Your task » Pictures in the material below are to be left out, and only the lines from the line with "In good condition" up to and including the line with "black, grey Infant" are to be written out exactly.

Data »
☆ ☆ ☆ ☆ ☆

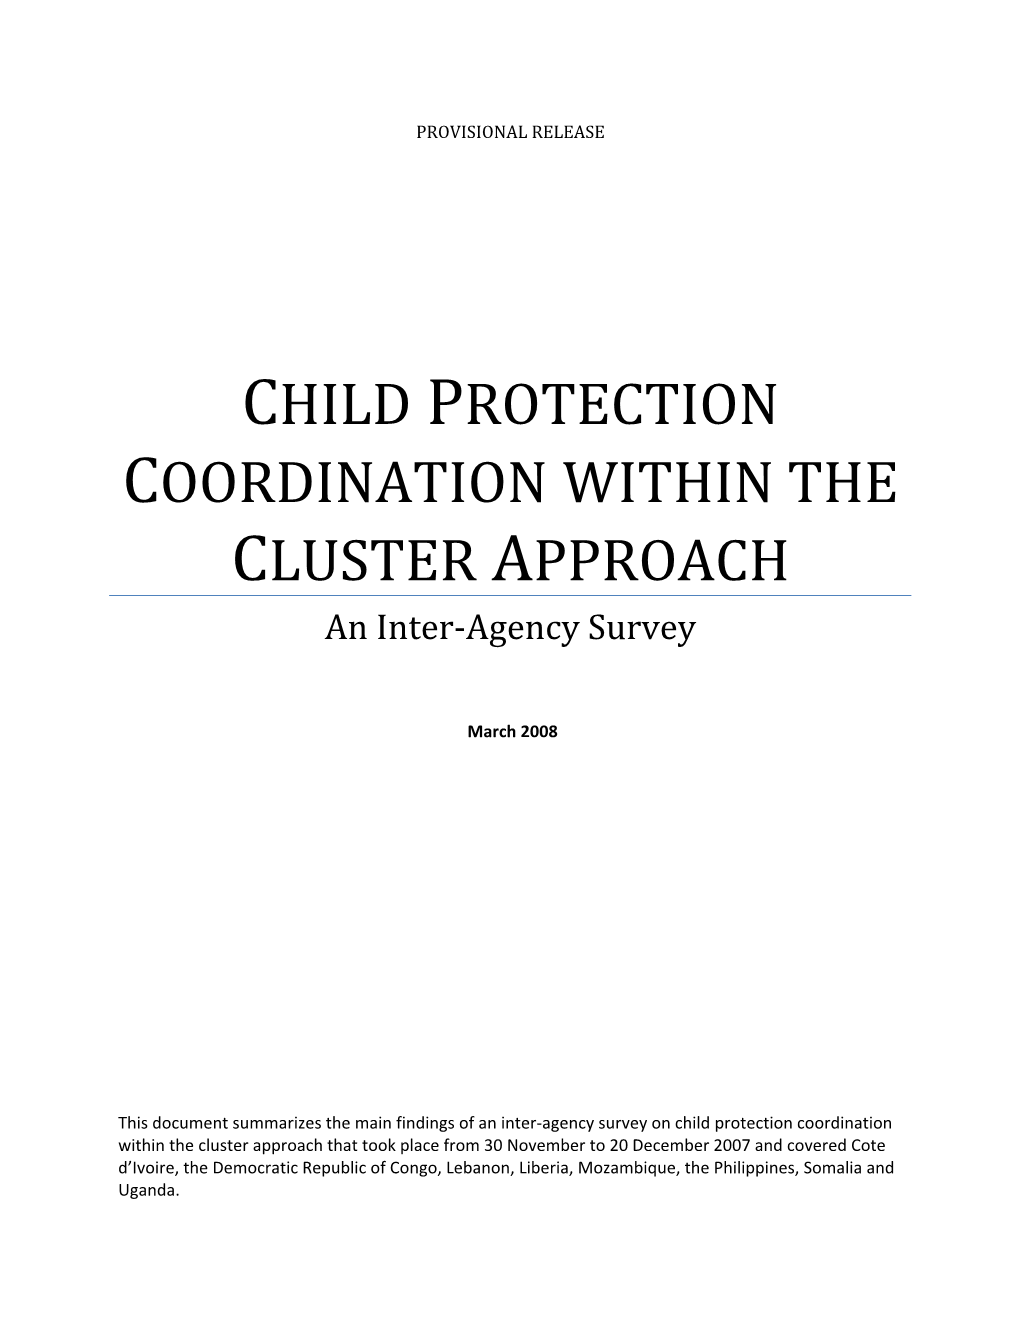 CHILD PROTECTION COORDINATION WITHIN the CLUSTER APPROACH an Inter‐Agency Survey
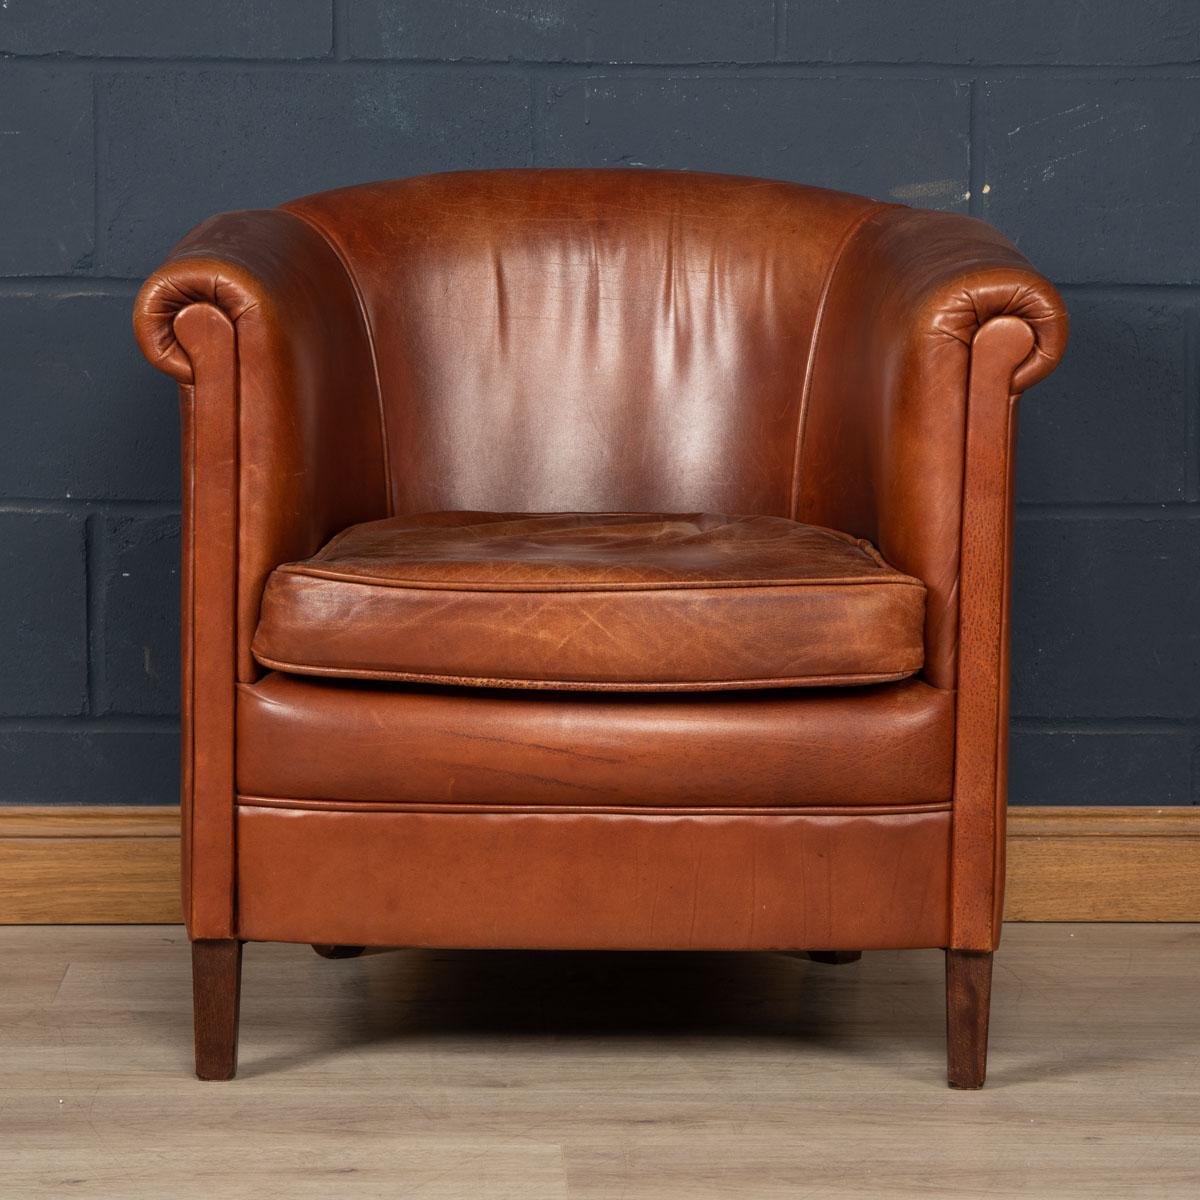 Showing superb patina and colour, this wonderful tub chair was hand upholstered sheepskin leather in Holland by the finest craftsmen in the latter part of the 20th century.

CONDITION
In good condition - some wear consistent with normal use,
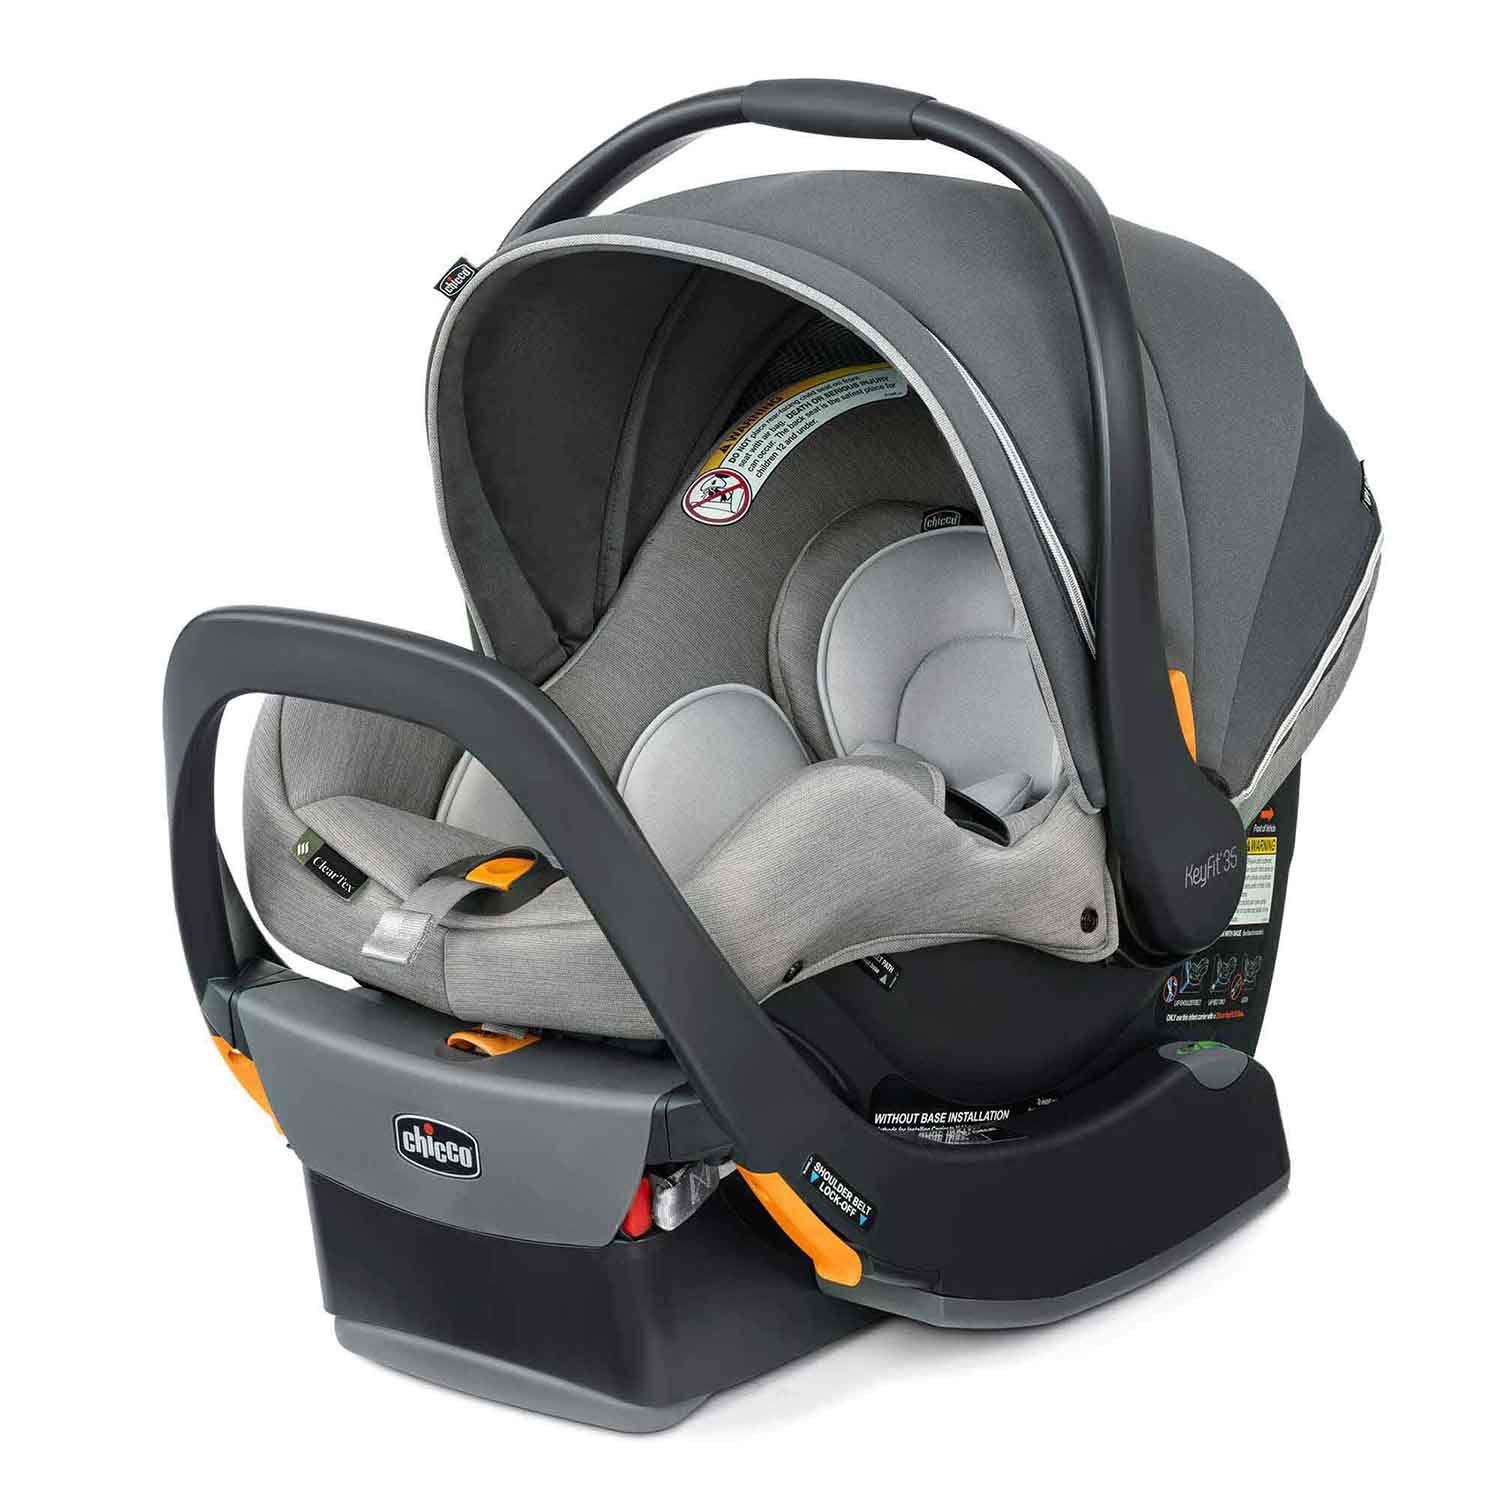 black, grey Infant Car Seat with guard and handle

☆ ☆ ☆ ☆ ☆

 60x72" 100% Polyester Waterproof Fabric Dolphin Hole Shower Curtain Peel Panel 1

☆ ☆ ☆ ☆ ☆

Exercise output »
In good condition - some wear consistent with normal use,
 black, grey Infant Car Seat with guard and handle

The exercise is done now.